Nikon 1 AW1 Review
Usability - How easy is it to use?
The Nikon 1 AW1 is a tough digital camera and it looks the part. Its rectangular body with rounded edges are optimized to resist drops. A very small textured grip provides some purchase but a strap is recommended. Of course, the AW1 can survive accidental drops, although the manual points-out that this is not applicable when the built-in flash is raised.
This camera feels dense and heavy for its size. Still, at a mere 313g plus lens, it never gets tiring to carry it. The supplied neck-strap is made for land-use, while a waterproof wrist-strap is best when going underwater. The grip is helped by a small rubber thumb-rest at the back of the AW1.
The top-plate of the Nikon 1 AW1 is relatively bare. It 3 round buttons: the power-button, the shutter-release and the video-record button. The power button is recessed while others are surrounded by a short barrel to prevent accidental use. The shutter-release has a short amount of travel and a very soft halfway point. If focus has not locked, the camera will not shoot which prevents releasing the shutter too early.
A small spring-mounted built-in flash pops-up from a cover on the top-plate. Right on the flash-cover, the AW1 proudly proclaims its waterproof and shockproof specifications. In icon on the center of the top-plate indicates the presence of a GPS.
Both sides of this camera are simple. On the grip-side, there is an attachment screw for a larger optional grip. On the opposite side, a door with double-locking mechanism covers a standard USB 2.0 and Mini-HDMI port. The locking mechanism requires both switches to be moved for the compartment door to open, this ensuring that it stays put.
Eyelets for a neckstrap are found on each side. This position is not ideal as it forces the user to press his or her index-finger against the grip-side one. Nikon made these eyelets slightly rounded which makes them less tiring than on some other cameras.
All remaining controls are on the back of the AW1. At this point, it is easy to notice that there are no control-dials on this camera. The pair of buttons at the top-right serve to change parameters when applicable. In Playback mode, these zoom in and out of images.
Just below and to the right is the gimmicky Action-Control. Once pressed, tilting the camera sideways selects one of the cameras top-level modes:
- Motion Snapshot: This mode captures a small video clip and a still image. When played back, this is accompanied by one of 4 pre-selected sound-tracks.
- Best Moment Capture: Either lets the camera automatically choose an image among a burst based on subject motion and composition, or lets the user decide which moment to capture by slowing down the preview shown on the LCD.
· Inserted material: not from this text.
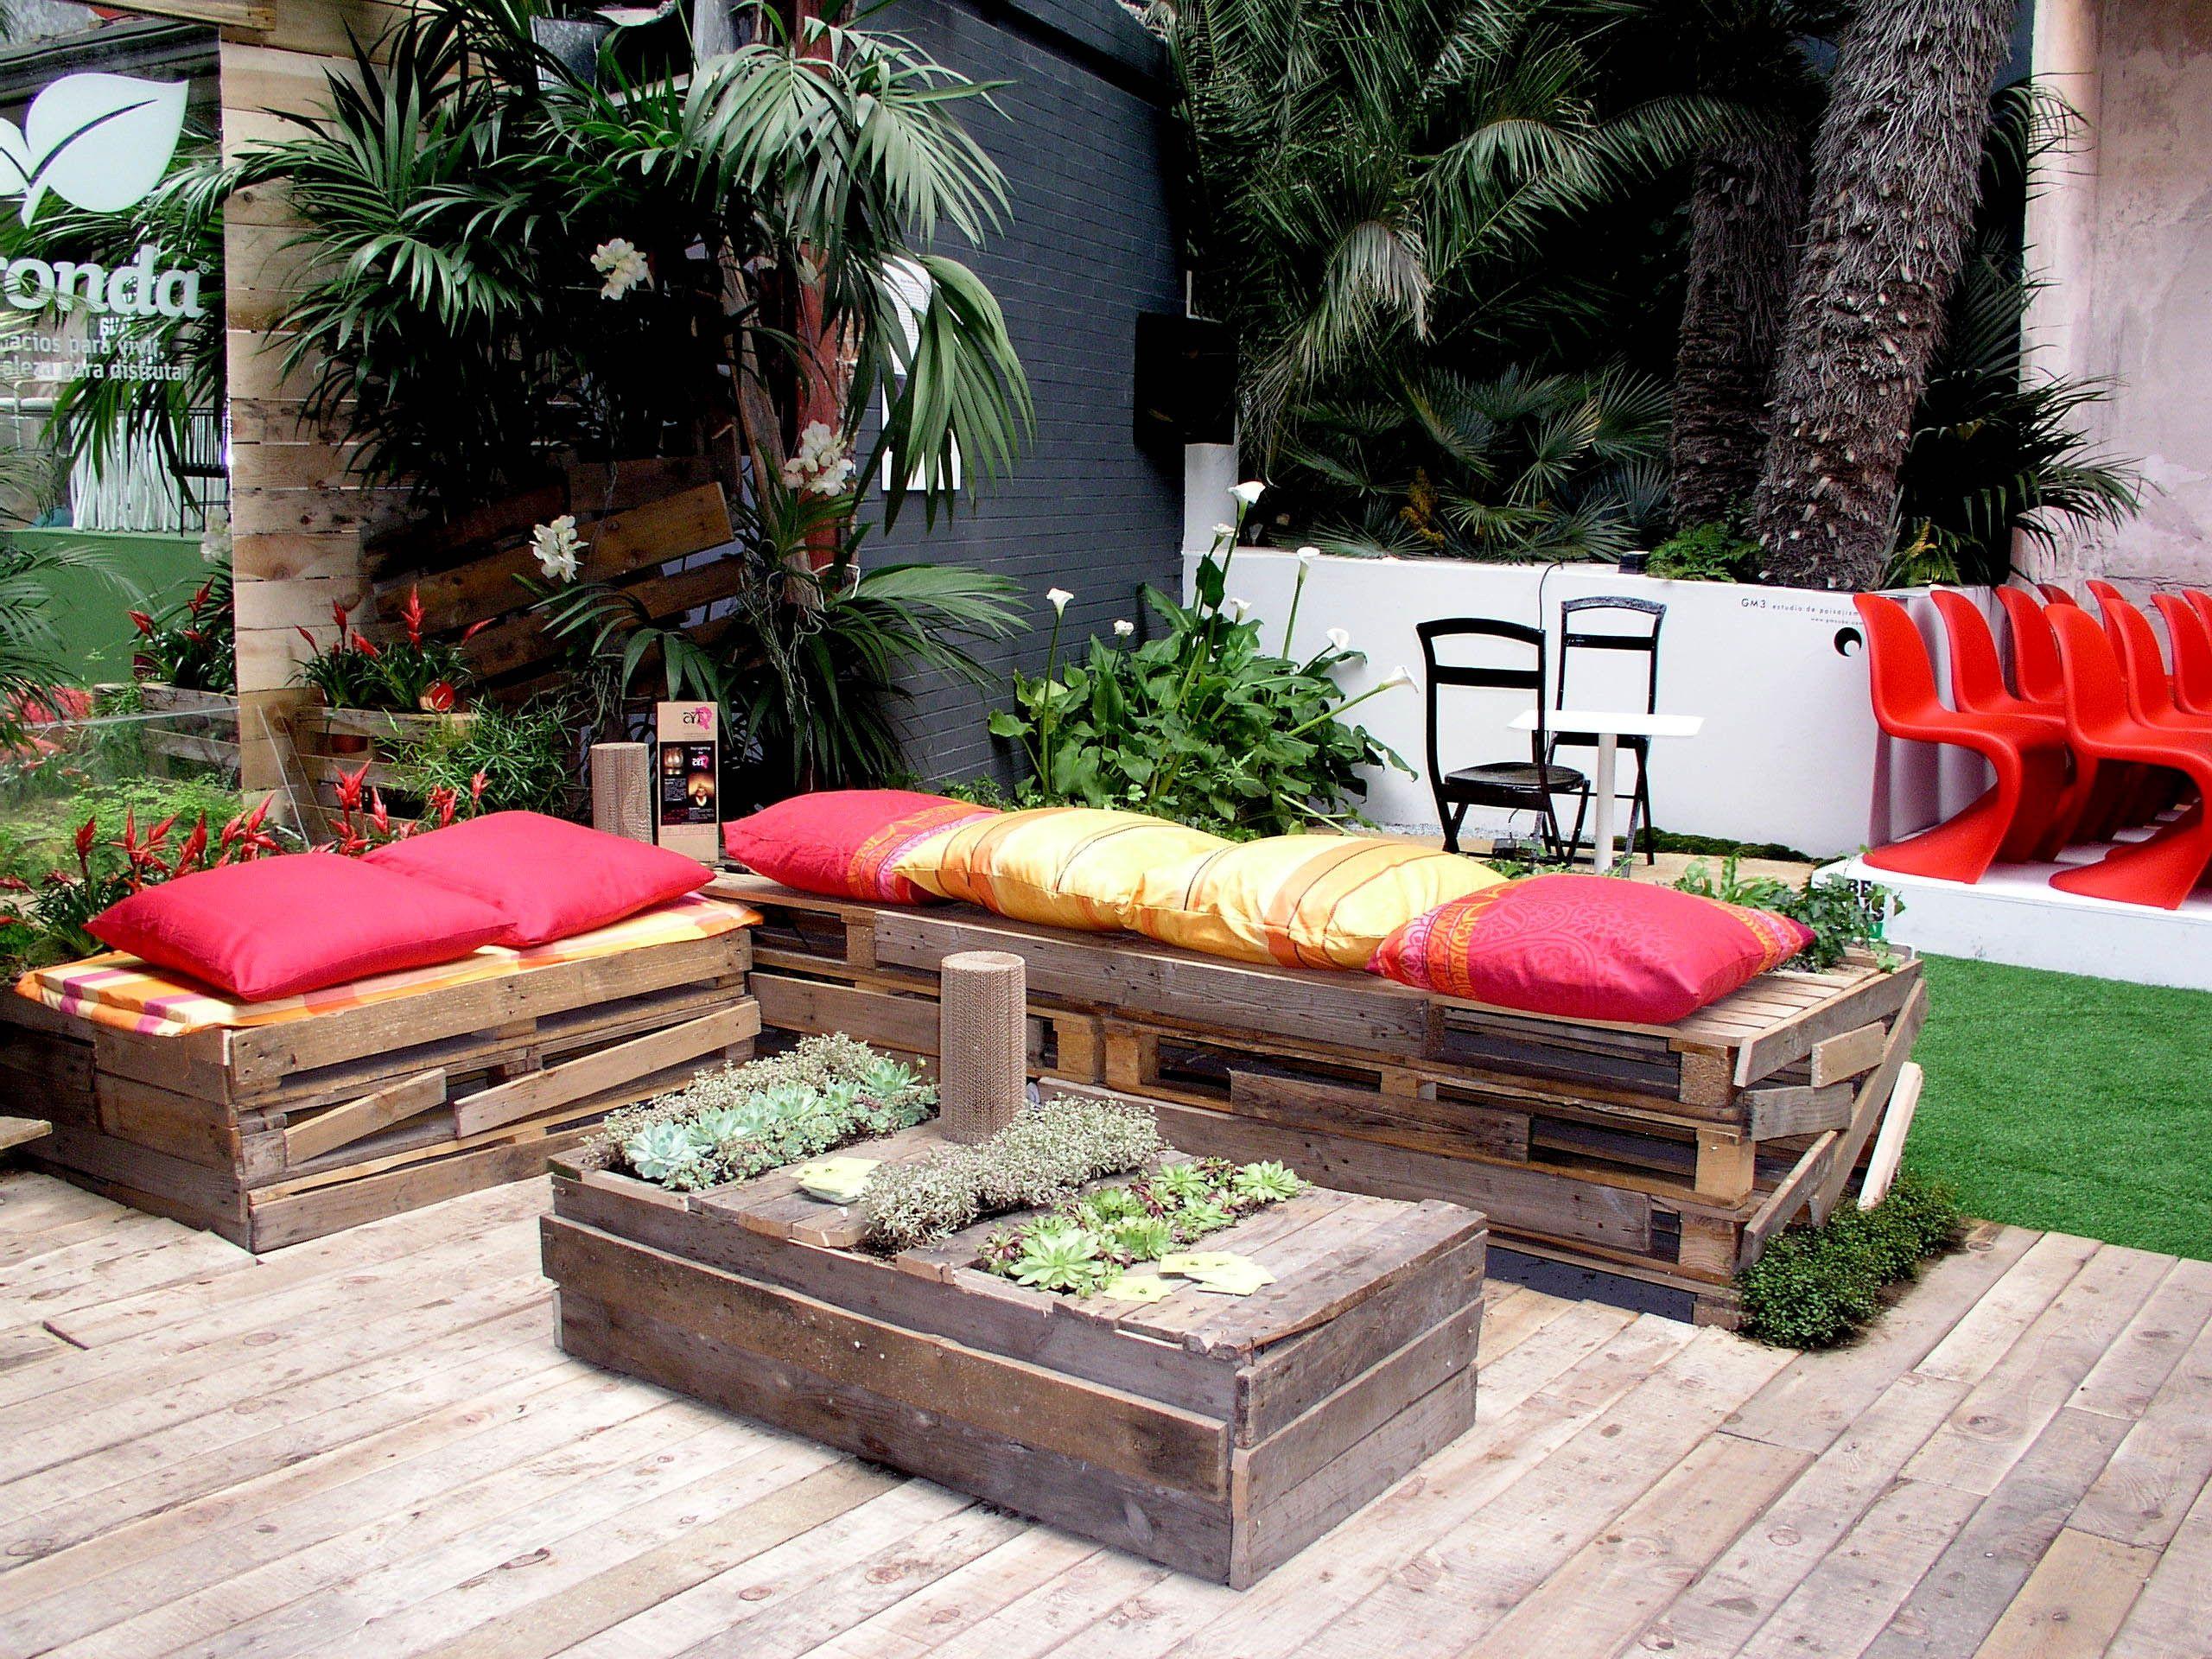 Muebles para jard n o terraza palets muebles con - Muebles de terraza con palets ...

- Auto: This automatic mode lets the user control exposure-parameters via a set of simplified controls: Brightness, Motion Control, Background Softening and Active D-Lighting.
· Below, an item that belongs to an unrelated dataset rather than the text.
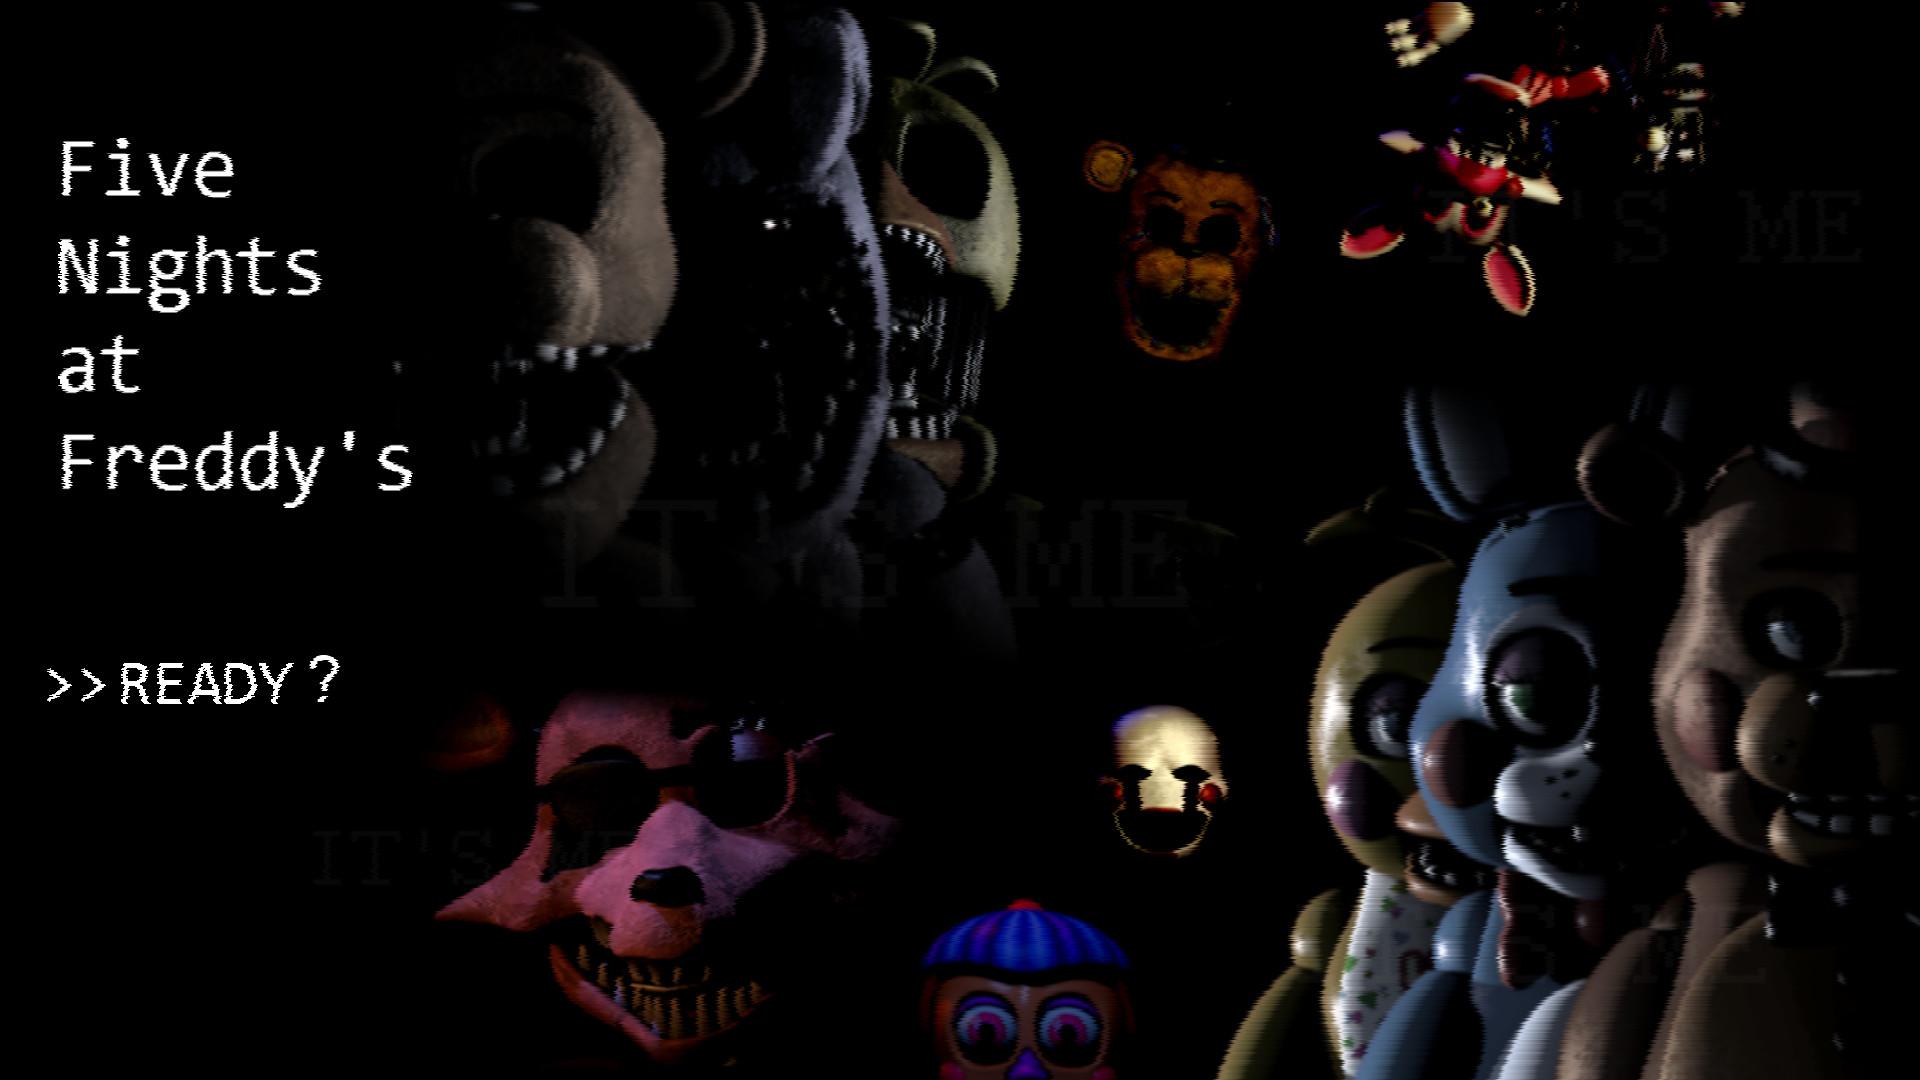 Five Nights At Freddy's Wallpaper! by ThatOnePyotr on DeviantArt

- Creative: Standard PASM plus eight Scene modes: Underwater, Night Landscape, Night Portrait, Backlighting, Easy Panorama, Soft, Miniature Effect and Selective Color.
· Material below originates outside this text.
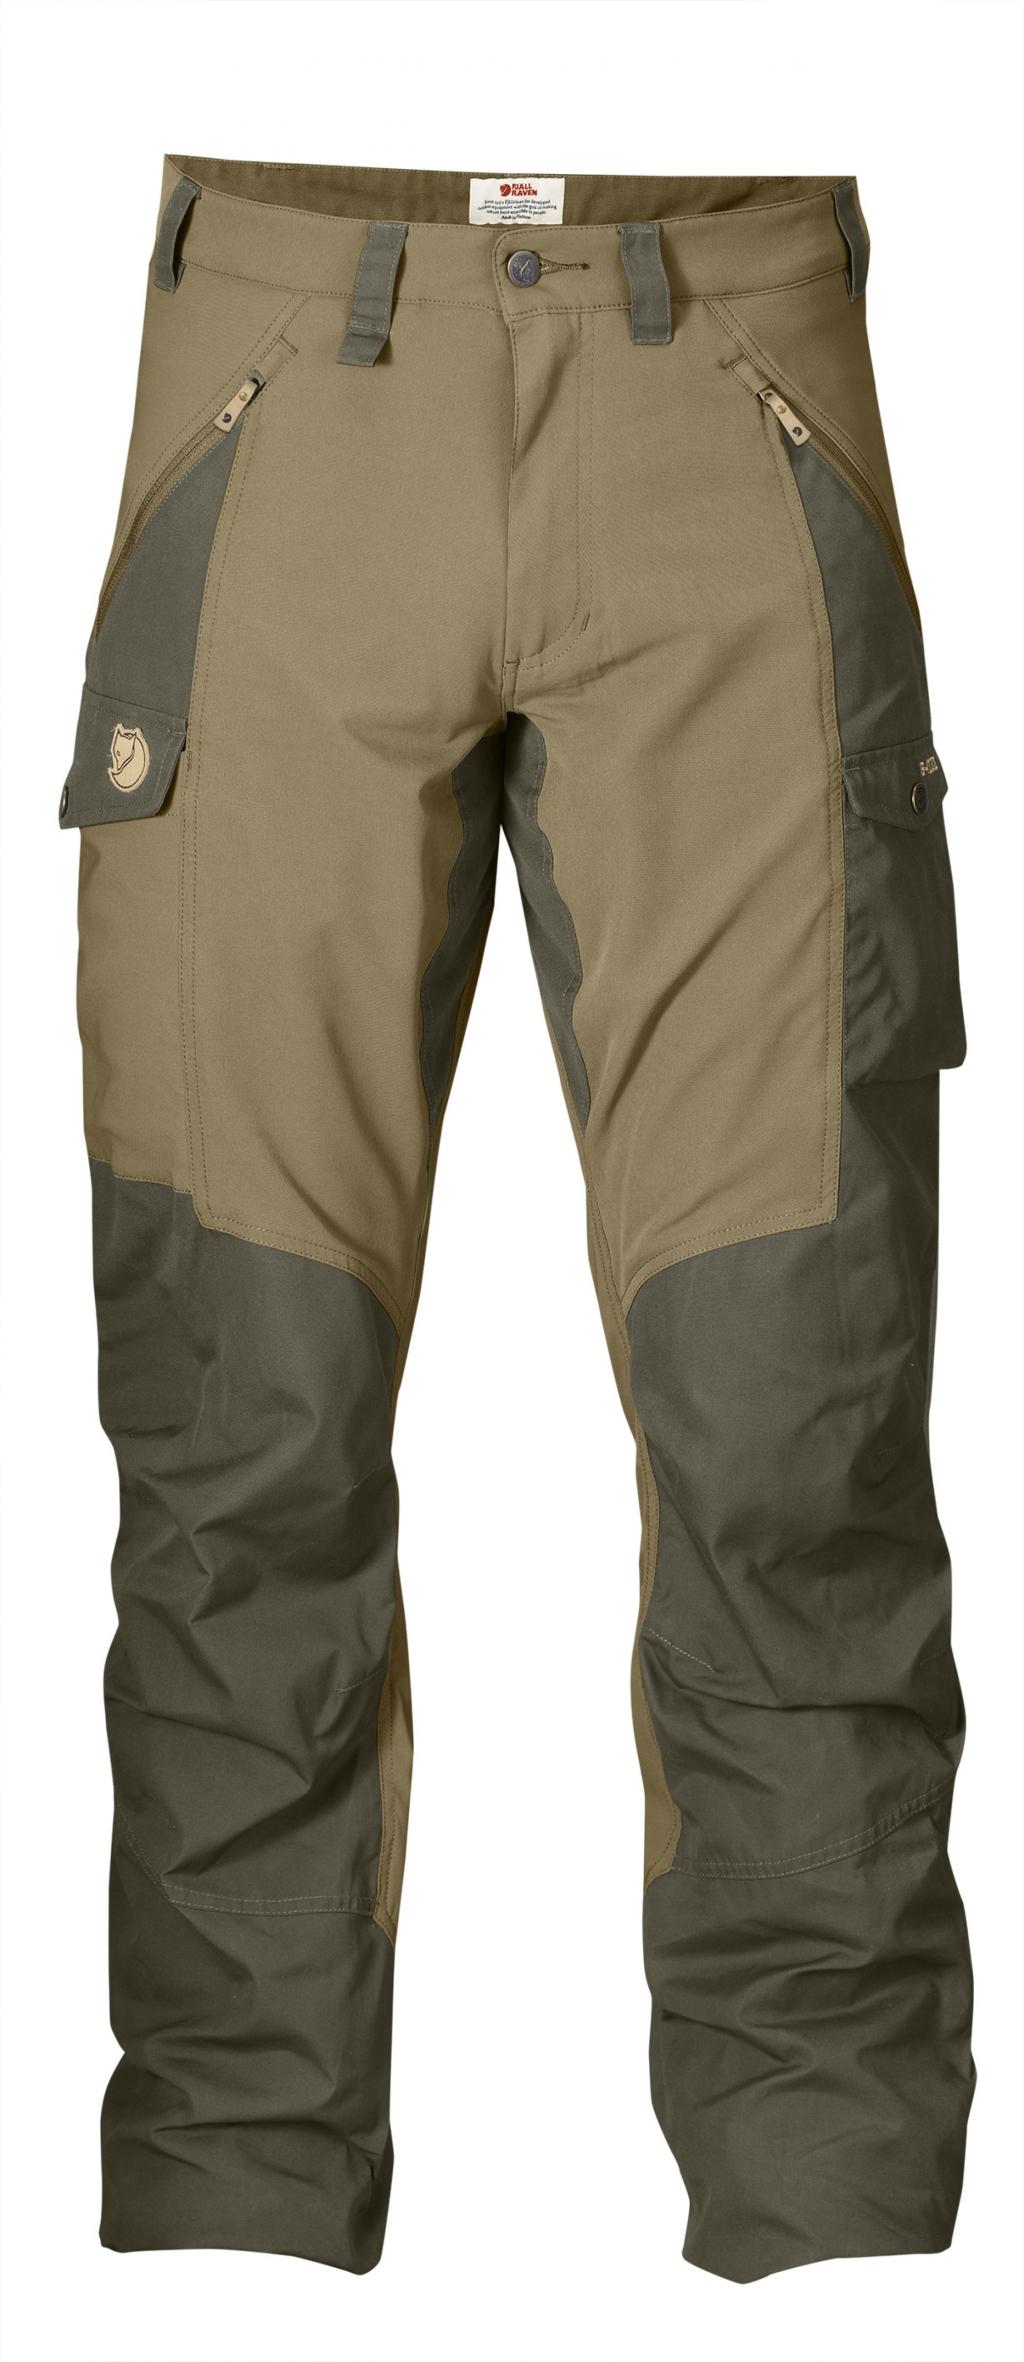 FjallRaven Abisko Trousers Sand-30

- Advanced Movie: PASM for video-capture, plus slow-motion video-recording.
While many of the modes above are standard, a good number are unique to Nikon. Most are unchanged from other 1-series mirrorless cameras though. Among Scene modes, Backlighting and Easy Panorama are worth noting. The former sometimes captures a bracket and blends the frames together, while the latter captures a panorama while the camera is moved in a sweeping motion. There is no way to force Backlighting to perform HDR blending and it often decides not to even when necessary.
The Slow-View option of Best Moment Capture is neat. Once the shutter-release is half-pressed, the camera starts capturing continuously into its buffer. It plays back images from the butter slowly until the shutter is full pressed. At that point, it saves the image shown on the display. This lets the photographer capture a precise moment when action is very fast. Plus, there is no need to sort out the right one from a large burst later.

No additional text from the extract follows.